Available data START

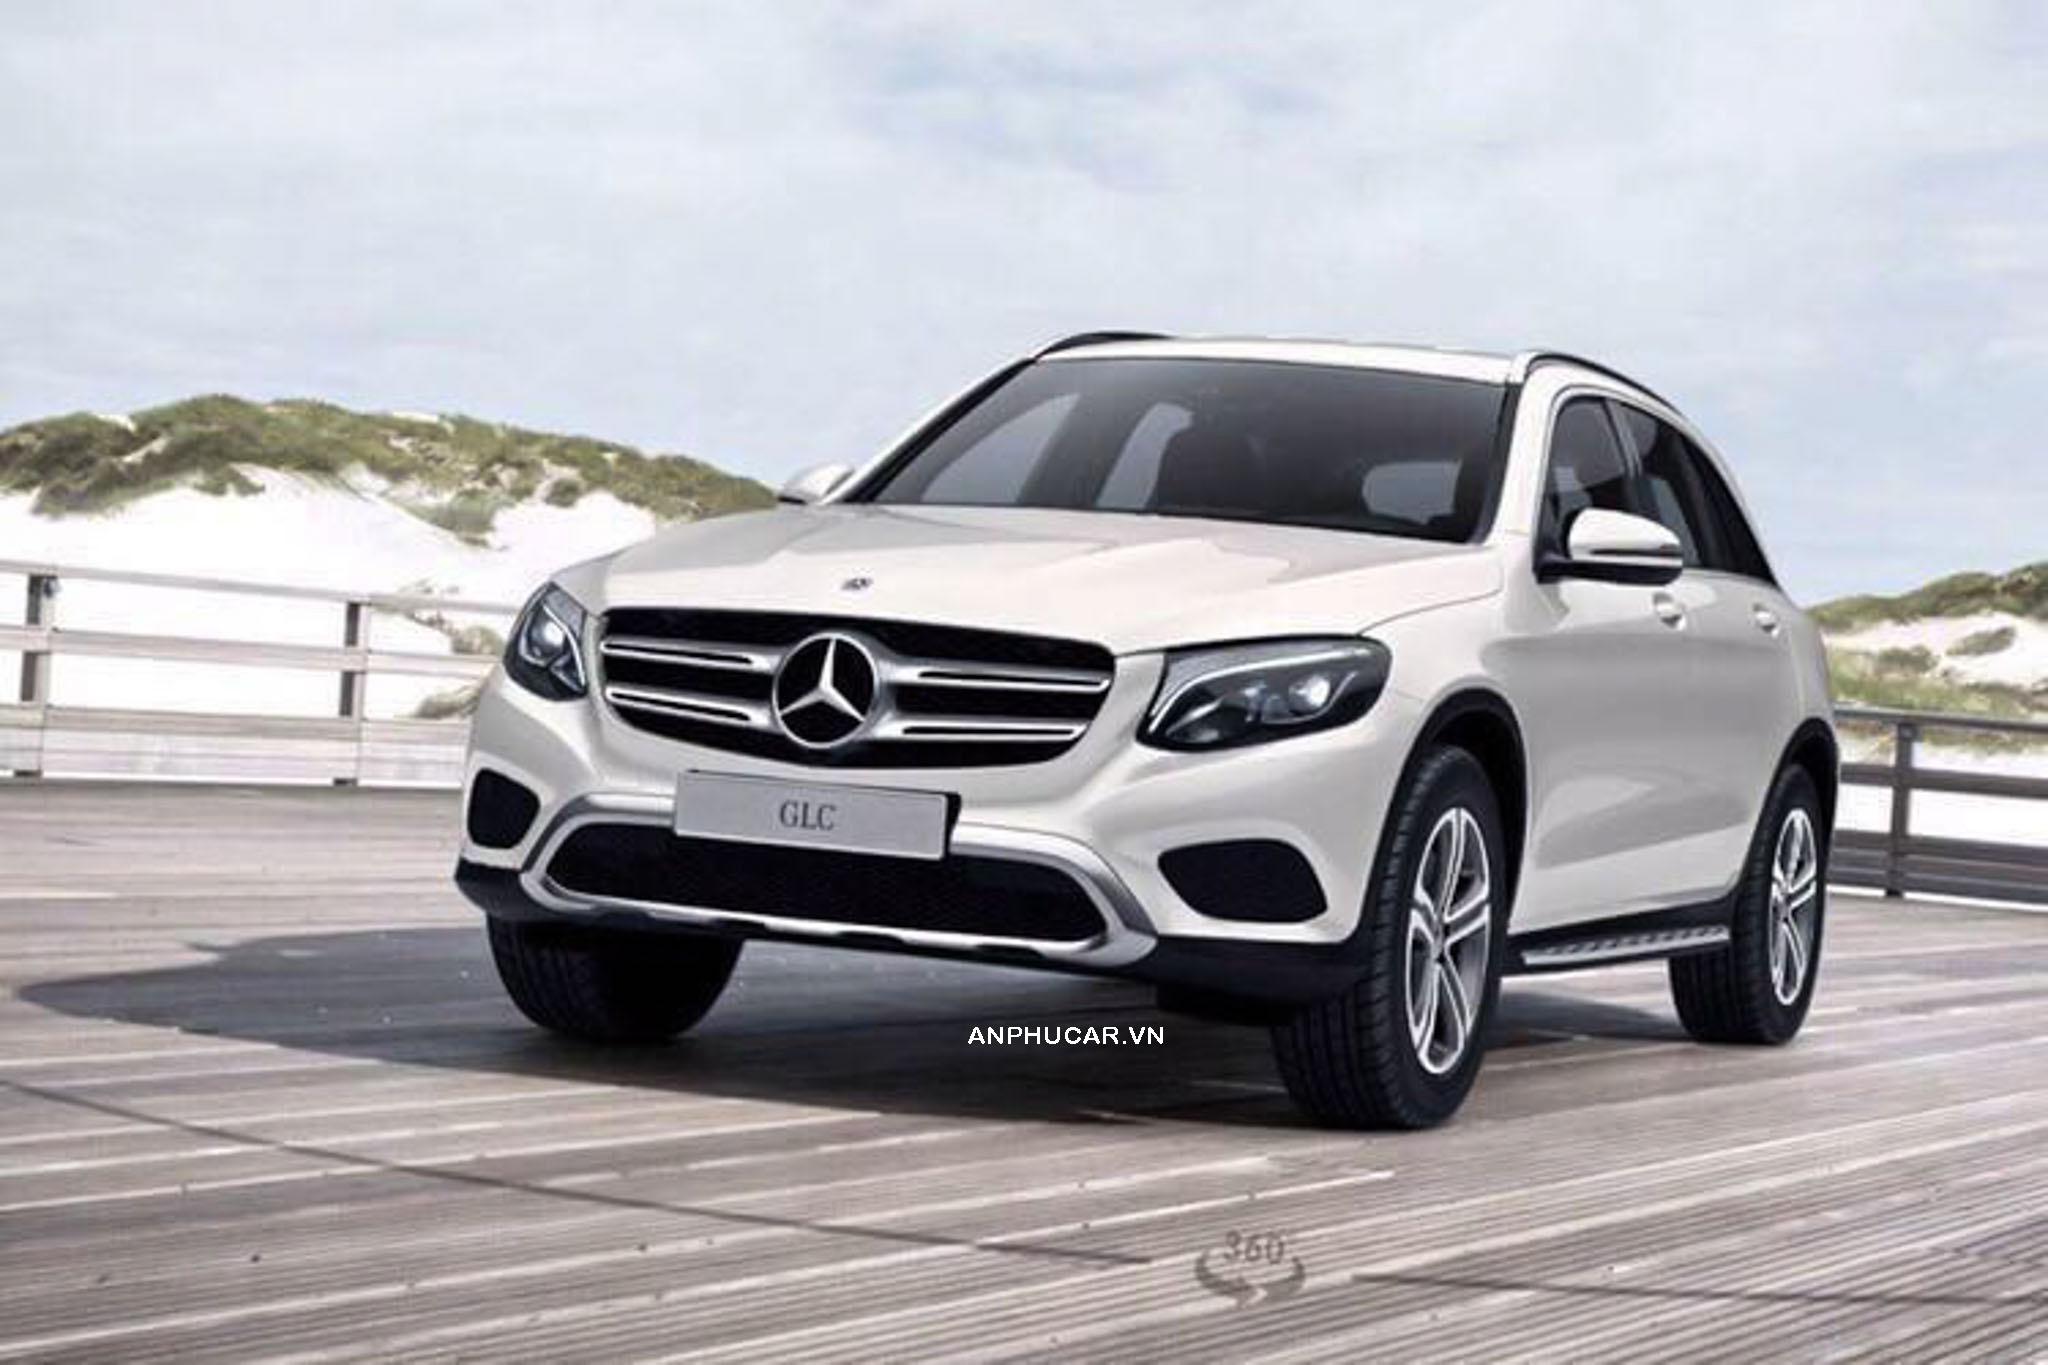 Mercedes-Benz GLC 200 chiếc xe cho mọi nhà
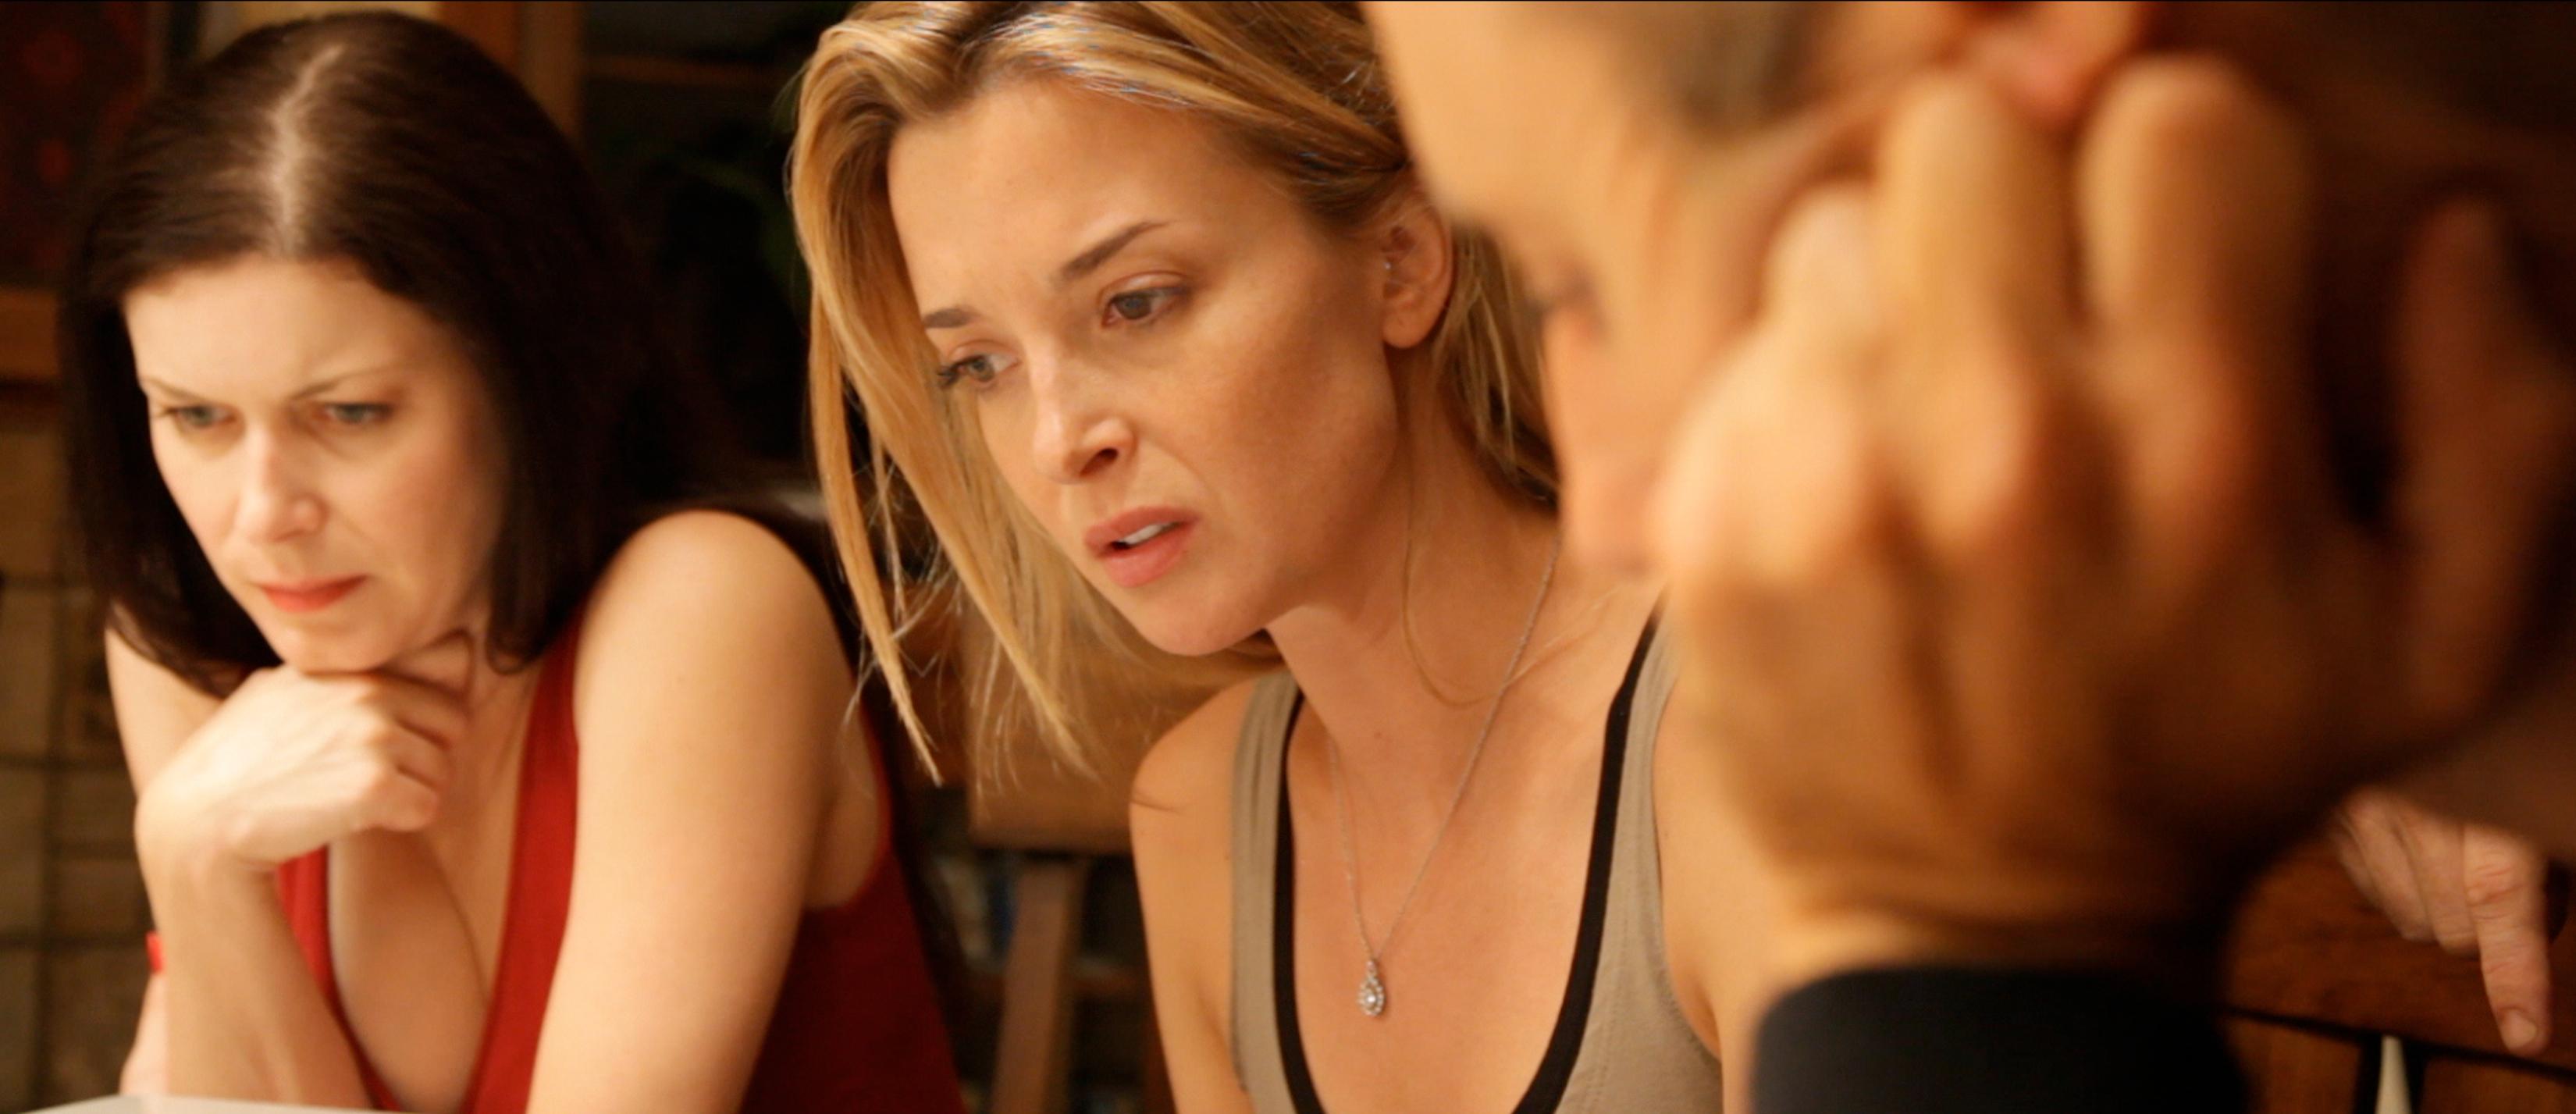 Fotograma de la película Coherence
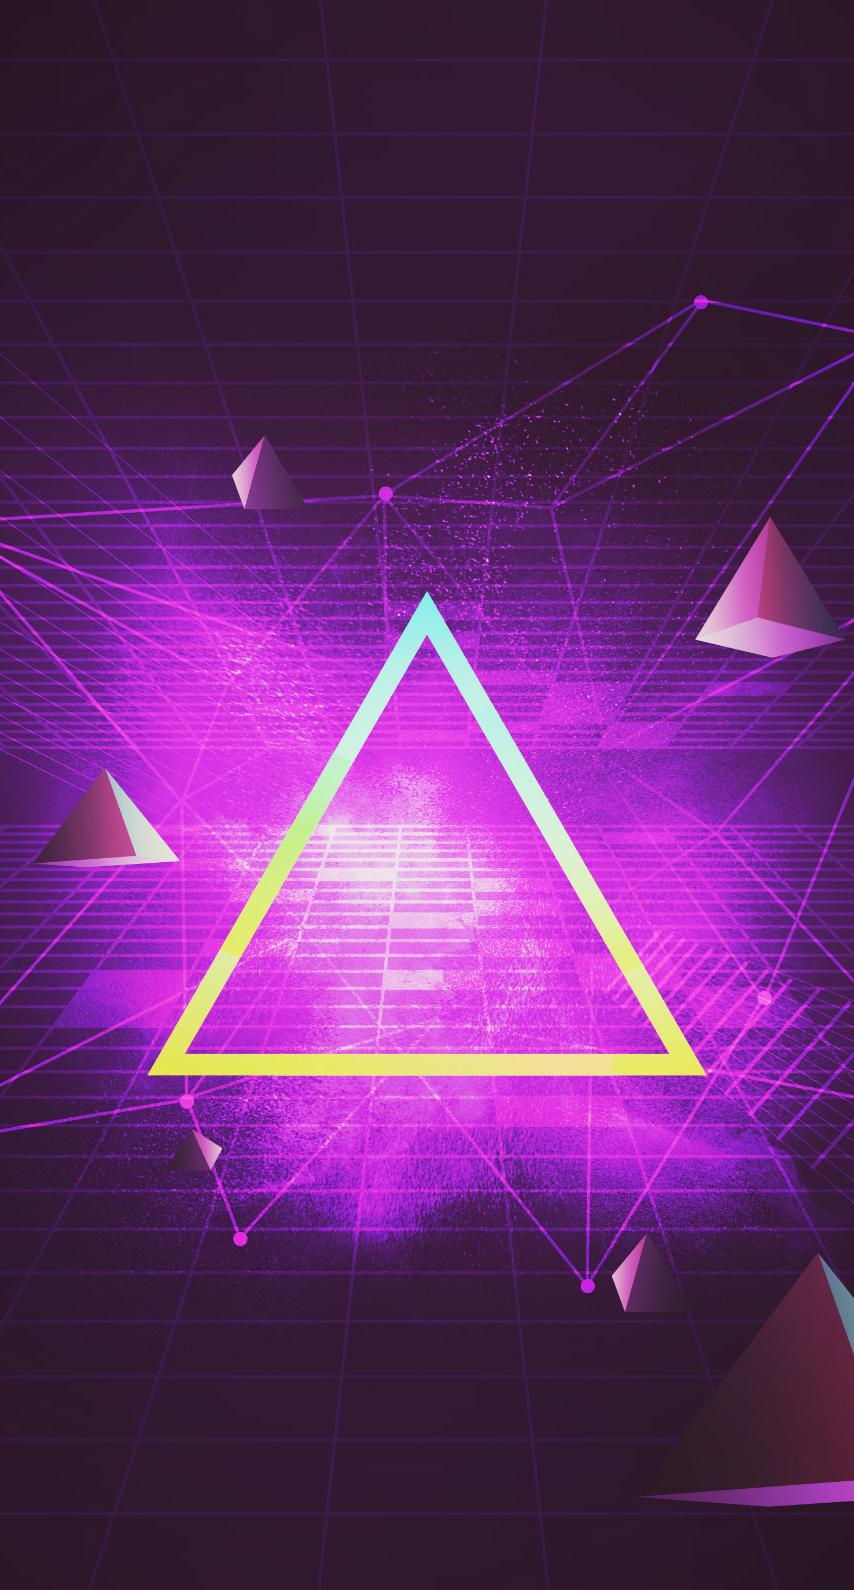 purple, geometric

Available data END

Leave the images out and output the remaining material exactly as it stands.

 Mercedes-Benz GLC 200 chiếc xe cho mọi nhà
 Fotograma de la película Coherence
 purple, geometric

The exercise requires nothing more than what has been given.